The least square fit ( assuming equal [math]\sigma[/math]) has the following solution for the parameters A & B as
- [math]A = \frac{\left| \begin{array}{cc} \sum y_i & \sum x_i\\ \sum x_i y_i & \sum x_i^2 \end{array}\right|}{\left| \begin{array}{cc} N & \sum x_i\\ \sum x_i  & \sum x_i^2 \end{array}\right|} \;\;\;\; B = \frac{\left| \begin{array}{cc} N & \sum y_i\\ \sum x_i  & \sum x_i y_i \end{array}\right|}{\left| \begin{array}{cc} N & \sum x_i\\ \sum x_i  & \sum x_i^2 \end{array}\right|}[/math]
uncertainty in A
- [math]\frac{\partial A}{\partial y_j} =\frac{\partial}{\partial y_j} \frac{\sum y_i \sum x_i^2 - \sum x_i \sum x_i y_i  }{\left| \begin{array}{cc} N & \sum x_i\\ \sum x_i  & \sum x_i^2 \end{array}\right|}[/math]
- [math] = \frac{(1) \sum x_i^2 - x_j\sum x_i   }{\left| \begin{array}{cc} N & \sum x_i\\ \sum x_i  & \sum x_i^2 \end{array}\right|}[/math] only the [math]y_j[/math] term survives
- [math] = D \left ( \sum x_i^2 - x_j\sum x_i \right)[/math]
Let 
- [math]D \equiv \frac{1}{\left| \begin{array}{cc} N & \sum x_i\\ \sum x_i  & \sum x_i^2 \end{array}\right|}=\frac{1}{N\sum x_i^2 - \sum x_i \sum x_i }[/math]
- [math]\sigma_A^2 = \sum_{j=1}^N \left [ \sigma_j^2 \left ( \frac{\partial A}{\partial y_j}\right )^2\right ][/math]
- [math]= \sum_{j=1}^N \sigma_j^2 \left ( D \left ( \sum x_i^2 - x_j\sum x_i \right) \right )^2[/math]
- [math] = \sigma^2 D^2 \sum_{j=1}^N  \left ( \sum x_i^2 - x_j\sum x_i \right )^2[/math] : Assume [math]\sigma_i = \sigma[/math]
- [math] = \sigma^2 D^2 \sum_{j=1}^N  \left ( \sum x_i^2\right )^2  + \left (x_j\sum x_i \right )^2 - 2 \left ( \sum x_i^2 x_j \sum x_i \right )[/math]

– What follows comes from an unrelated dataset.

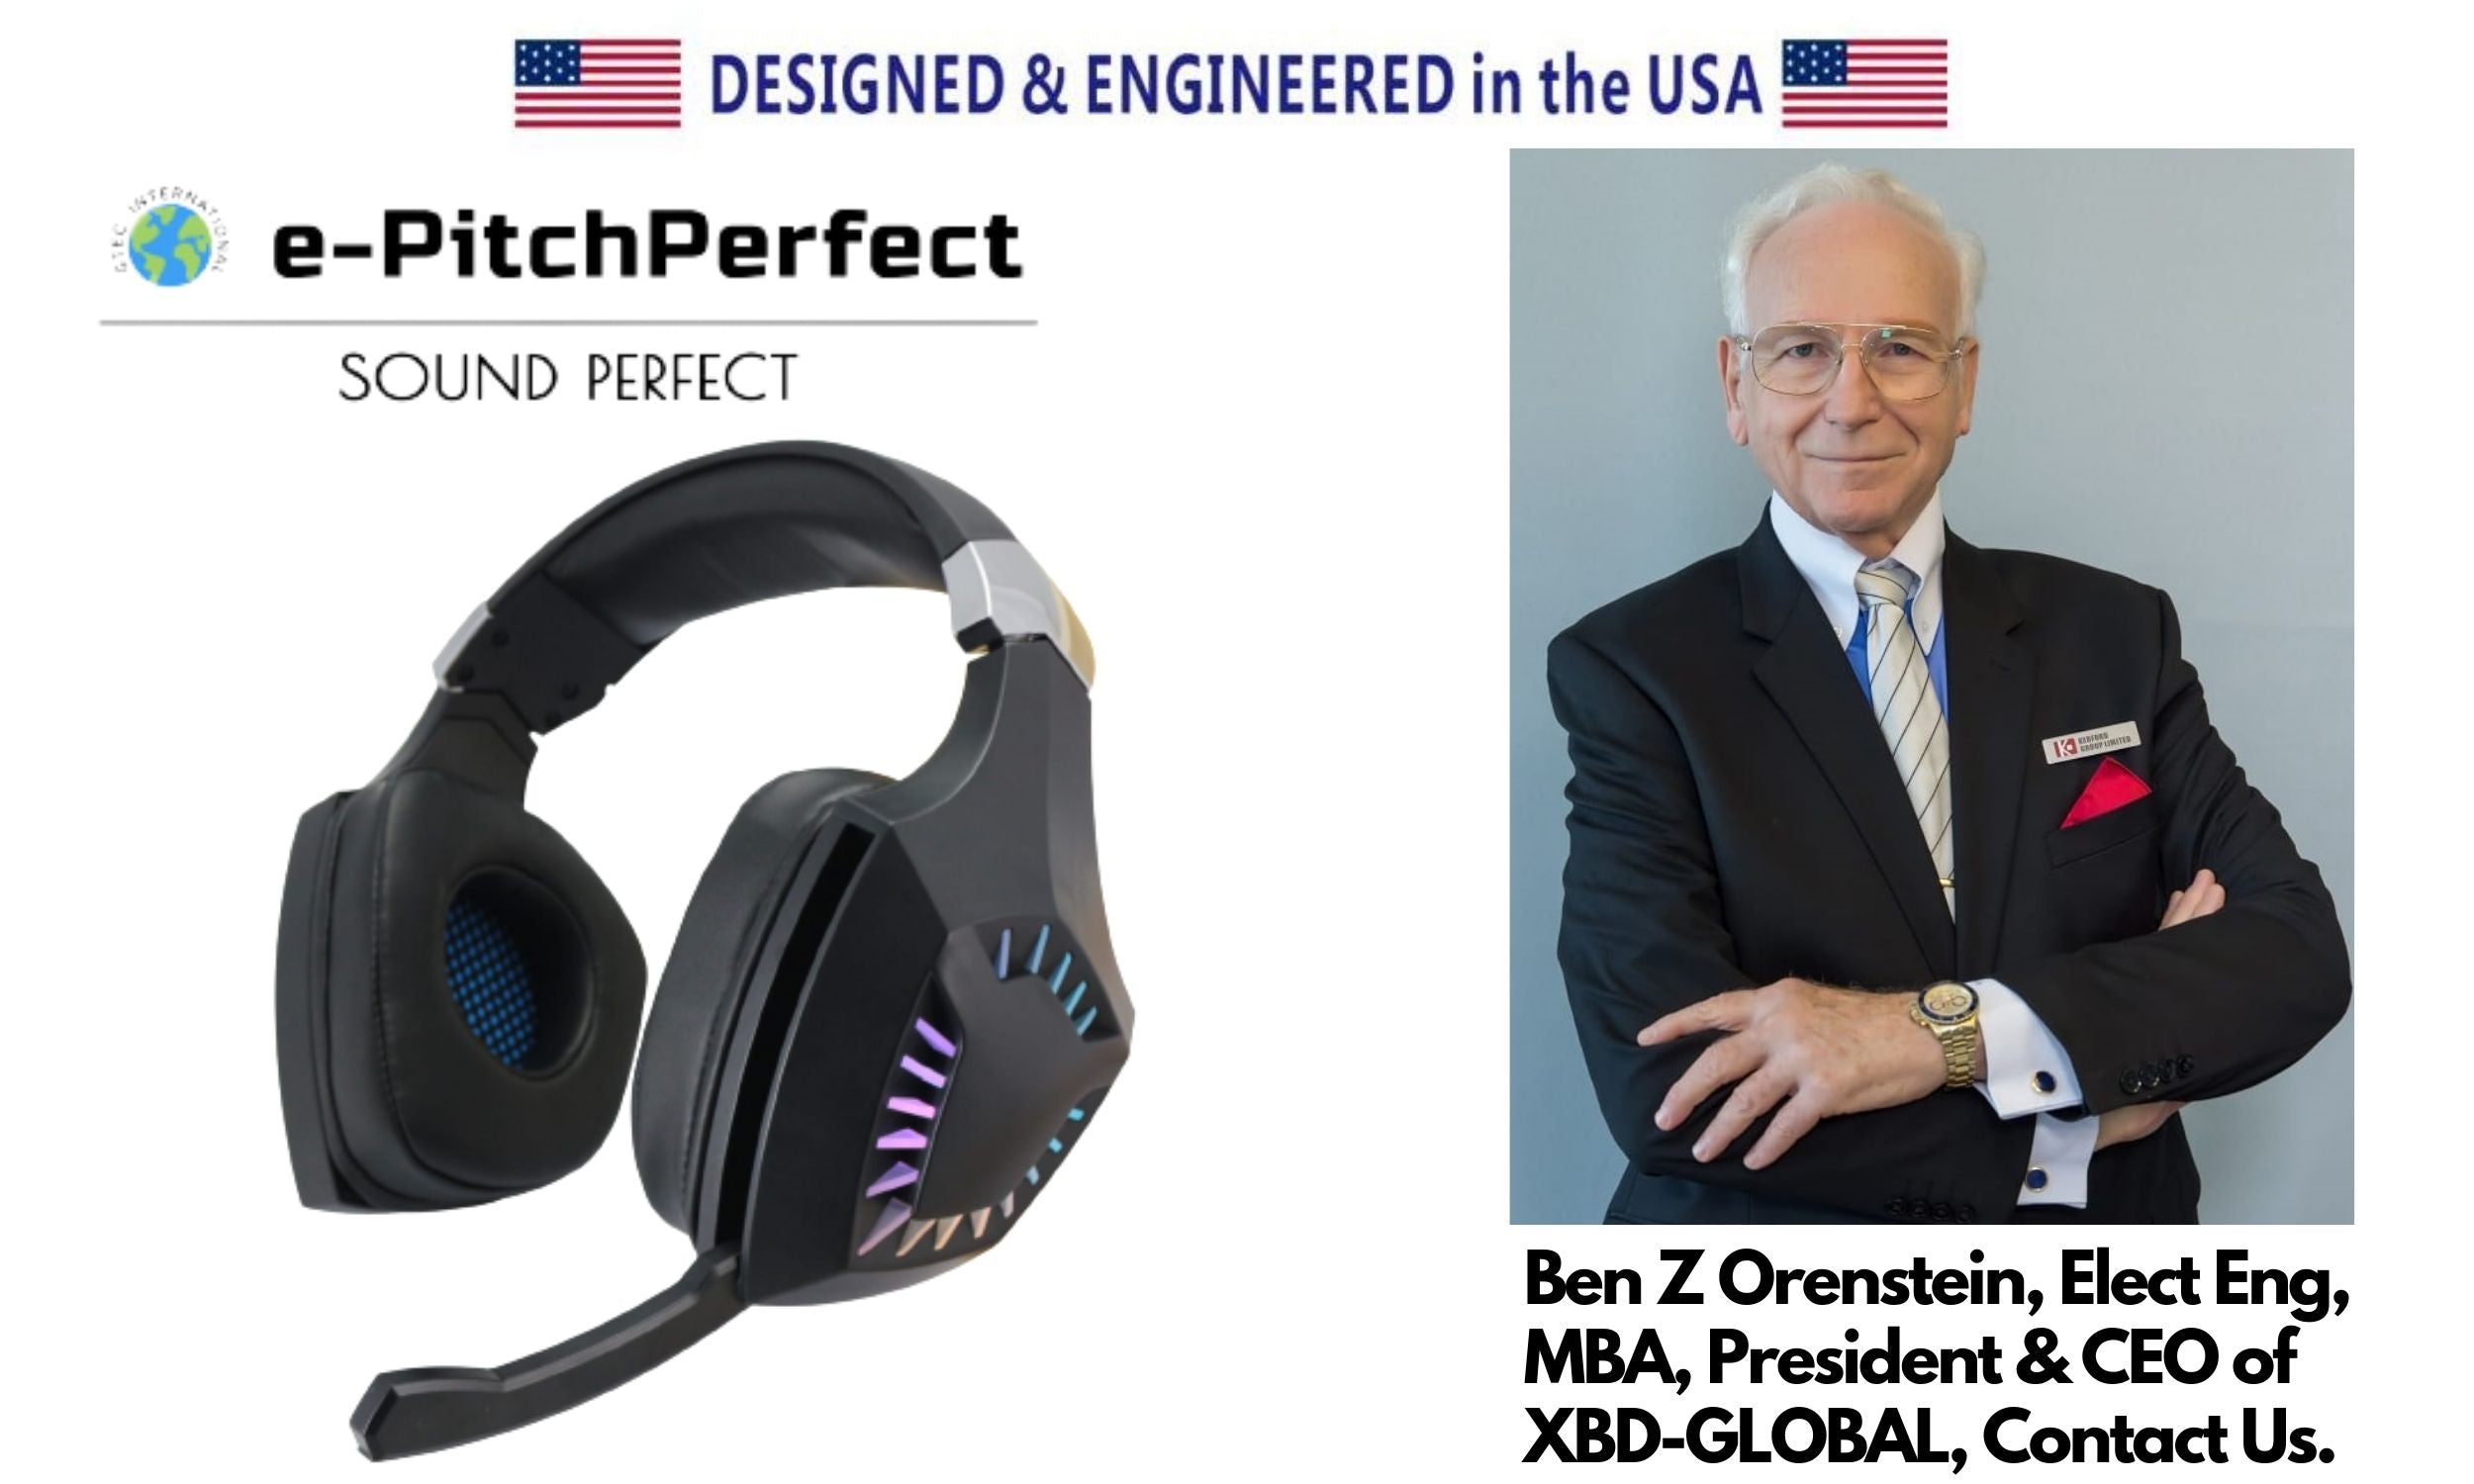 e-PitchPerfect e-PP 2.4G 无线游戏耳机带麦克风兼容 PS4、Xbox One、笔记本电脑、PC、iPhone 和 Android 手机在美国设计和制造

- [math] = \sigma^2 D^2\sum x_i^2\left [  \sum_{j=1}^N  \left ( \sum x_i^2\right ) +  \sum_{j=1}^N x_j^2  -  2 \sum x_i \sum_{j=1}^N x_j  \right ][/math]
- [math] = \sigma^2 D^2\sum x_i^2\left [  N  \left ( \sum x_i^2\right ) -  2 \sum x_i \sum_{j=1}^N x_j  +  \sum_{j=1}^N x_j^2   \right ][/math]
- [math] \sum x_i \sum_{j=1}^N x_j \approx \sum_{j=1}^N x_j^2[/math] Both sums are over the number of observations [math]N[/math]
- [math] = \sigma^2 D^2\sum x_i^2\left [  N  \left ( \sum x_i^2\right ) -  2 \sum_{j=1}^N x_j^2  +  \sum_{j=1}^N x_j^2   \right ][/math]
- [math] = \sigma^2 D^2\sum x_i^2 \frac{1}{D}[/math]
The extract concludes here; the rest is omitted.